Written by Ogunbiyi Ayobami Lolade

Some people have a strong passion for fashion, and just like Diane Von Furstenberg, they also believe that “style is something each of us already have, all we need to do is find it.” One of these exceptional individuals is Mobolaji Olujimi Dawodu.

Mobolaji Olujimi Dawodu is a Nigerian-American fashion stylist who was born in Nigeria and raised in Virginia. His background cuts across African and American cultures, though most of his fashion sense stems from his parents because his mother had a small clothing business growing up, and both his parents were stylish.

In an interview with Fashionista 2019, Dawodu explains that being a stylist takes a lot of hard work, time, and dedication. In some cases, stylists are dismissed or even looked down on because they simply “choose clothes,” but Dawodu has proved that being a stylist is more than just choosing clothes.

Stylists have a significant role in making sure a campaign shoot meets up and also helps to encourage the creative team, which includes the photographers and models.

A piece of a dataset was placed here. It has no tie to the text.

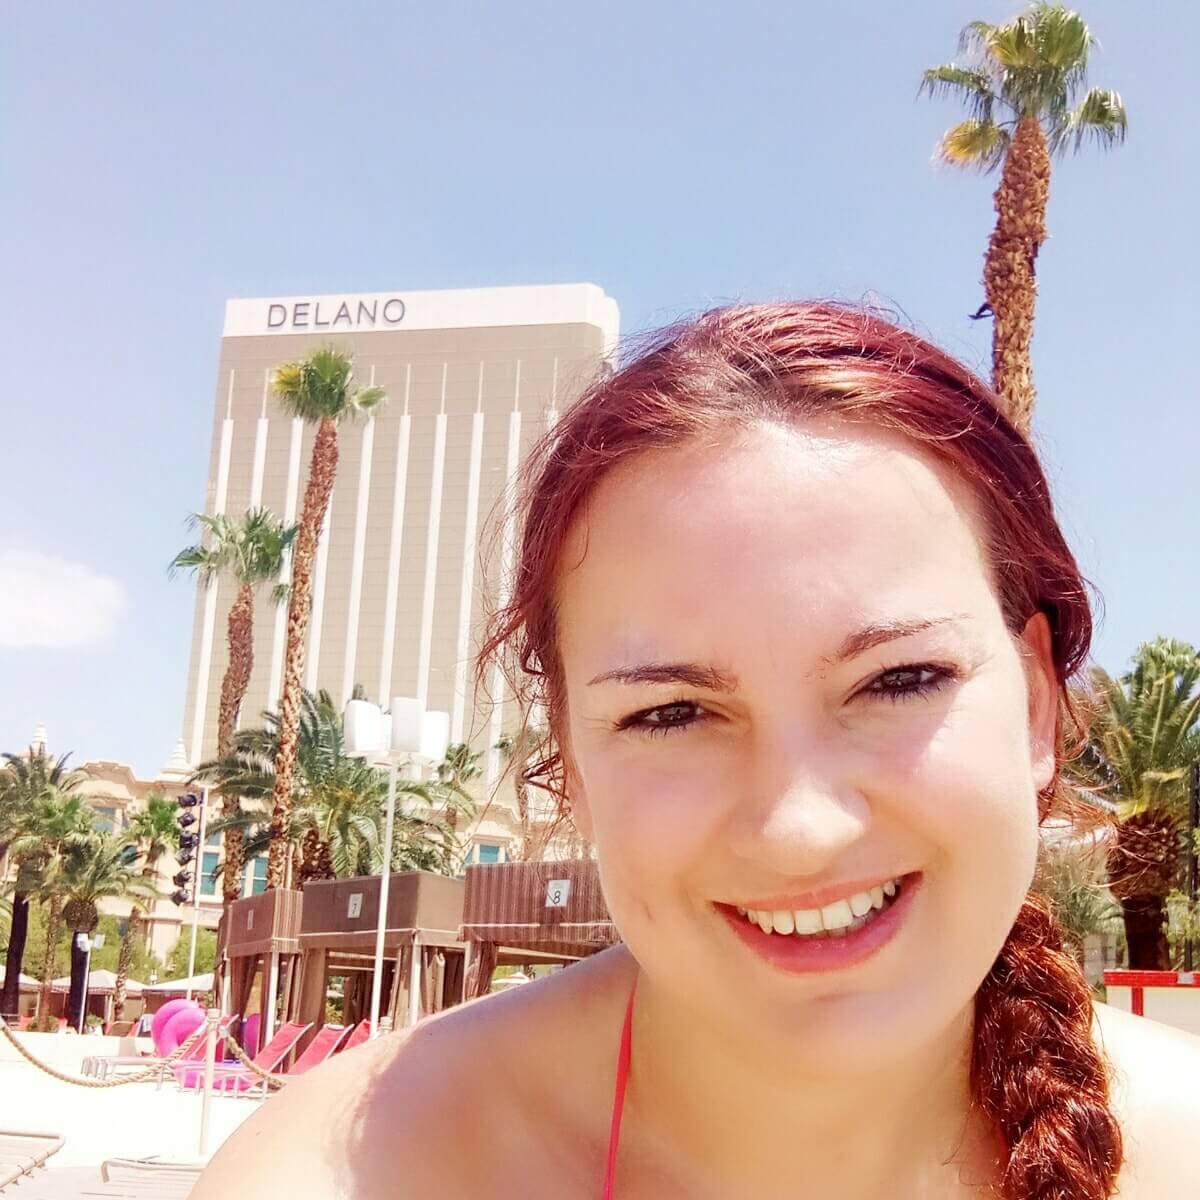 Visiting Las Vegas in the heat of summer

Having spent over ten years at The Fader and traveling around the world, he has also worked in film, costume designing for directors. Some of the directors he has designed for are Mira Nair and, most recently, Hiro Murai, in the musical movie Guava Island starring Donald Glover and Rihanna.

He is currently a fashion style editor at GQ and is known for vibrant colors, bold prints, and comfy long johns. Recently, Mobalaji styled “African Giant” Burna Boy for his debut appearance in the Spring/Summer edition of GQ Style.

Over the years, he has successfully infused African culture in his styling, which makes him unique.